Above is a map showing all quakes in the last 30 days along the North American and Pacific Plate boundaries. I have also added the great quakes of 2011 (Honshu) and 1957 (Alaska). Credit USGS.
As if to confirm the madness, yesterday, the USGS recorded the 18th and 19th major quakes (magnitude 6 or higher) in just the last nine days. However, one of them just happened to equal the 6th biggest major quake in modern human history—The magnitude 8.8 off the Eastern coast of Kamchatka, Russia, which was followed by another 4 massive aftershocks rocking the area, including a massive Magnitude 8. All the recorded quakes were extremely shallow, the most dangerous type.
The whole day was busy with seismic energy. Earlier, another shallow magnitude 6.2 quake rocked Indonesia, and a powerful, shallow, magnitude 6.6 struck the Macquarie Islands, South of Australia. Add to that a very deep magnitude 6.6 rocked the Fiji Islands.

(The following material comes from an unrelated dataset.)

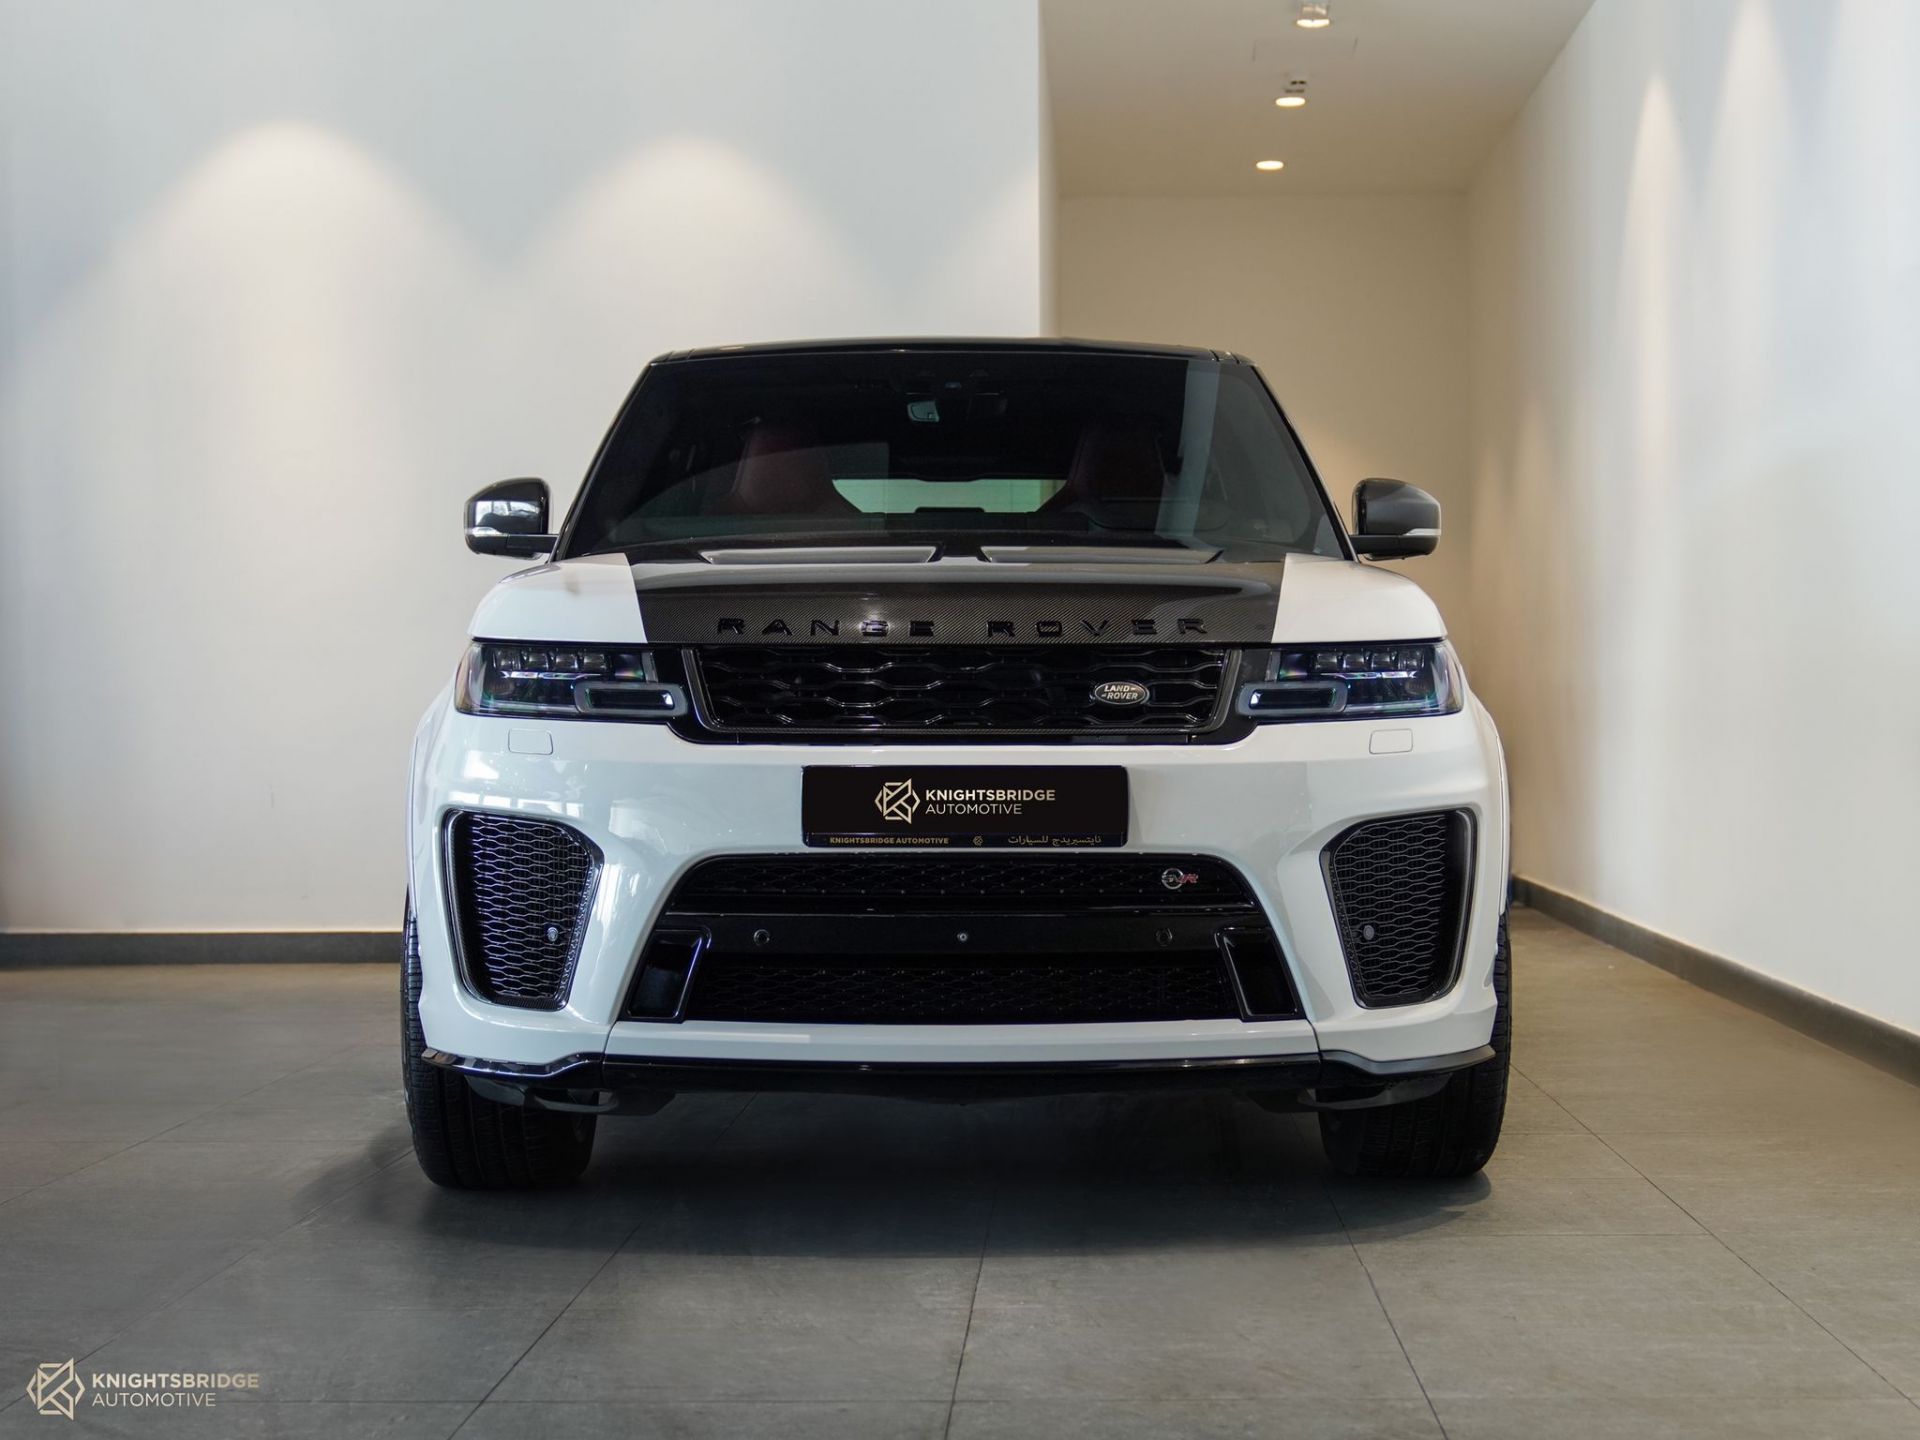 2019 Range Rover Sport SVR at Knightsbridge Automotive - (10349 - 2)
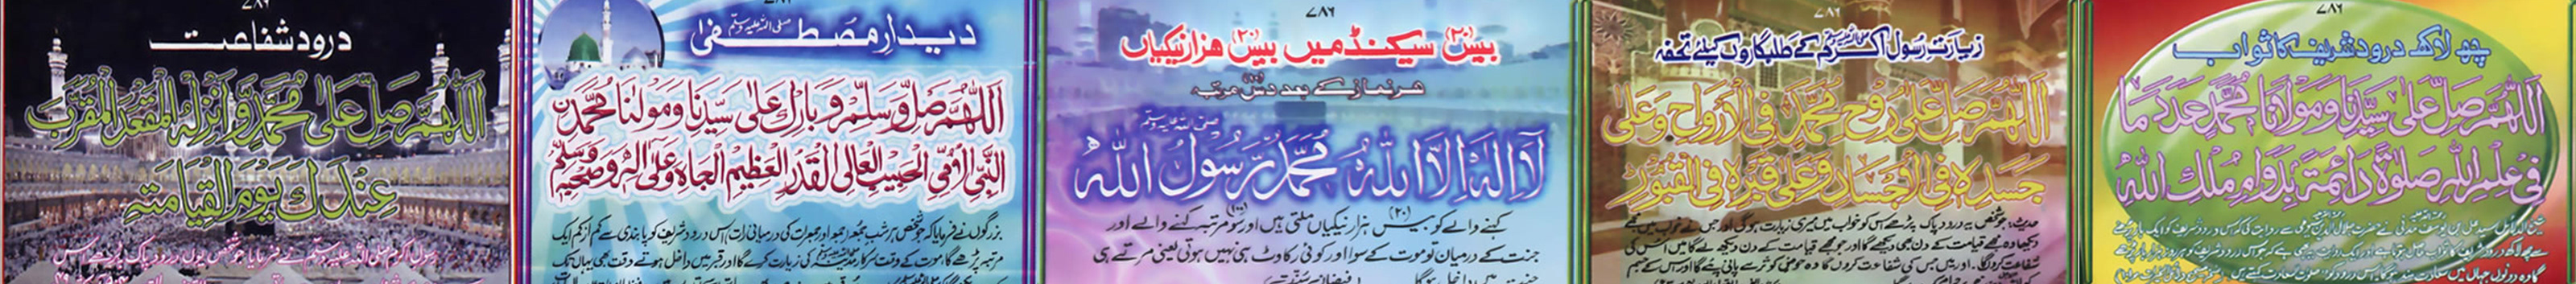 Faisal Iqbal vfx's profile banner

What makes this July surge interesting is that so far, the total number of major quakes in 2025 has been considerably lower than the average number this century; however, with the recent burst, parity with other years has now been reached. The total so far this year is now 79 major quakes (mag 6 or higher). Last year at this time, the count was just 60, but in 2023, 83, and in 2022, 77. There is, of course, another five months to go before the end of this year arrives; if this surge continues, who knows, as the world enters a period of increasing uncertainty, we could yet see a record-breaking seismic year? Hopefully not.
It is worth keeping an eye on the volatile Pacific and North American Plate, engulfing Russia's Kamchatka region and the Aleutian Islands, West of Alaska. No less than 13 major quakes (mag 6 or higher) have been recorded along this fault line in the last 9 days, 21 for the whole year. There are some incredible volcanic ballistics going on in this area too, with no less than 7 volcanoes erupting or showing activity right now, and remember, this is the same fault line which caused the deadly mag 9.1 Honshu quake (Fukushima) in March 2011 and a mag 8.6 off the coast of Alaska in 1957, see USGS images below.
The incredible record-breaking year of 1957 saw the USGS record a new record total for major quakes (mag 6 or higher) in one year, with an incredible total of 205. Unfortunately, for reasons unclear, they decided to devalue the number to 175. Incidentally, 1957 had the record-breaking number of sunspot activity too, coincidence?
Left, credit USGS
A rise in seismic and volcanic activity often coincides with solar activity on our Sun; however, spaceweather has been relatively calm during this particular earthquake spike. According to Spaceweather.com, there's a sunspot on the farside of the sun so large, it is affecting the way the whole sun vibrates. It's the big black blob in this helioseismic image of the whole sun, see below. The sunspot will turn to face Earth about 10 days from now. We wait with bated breath!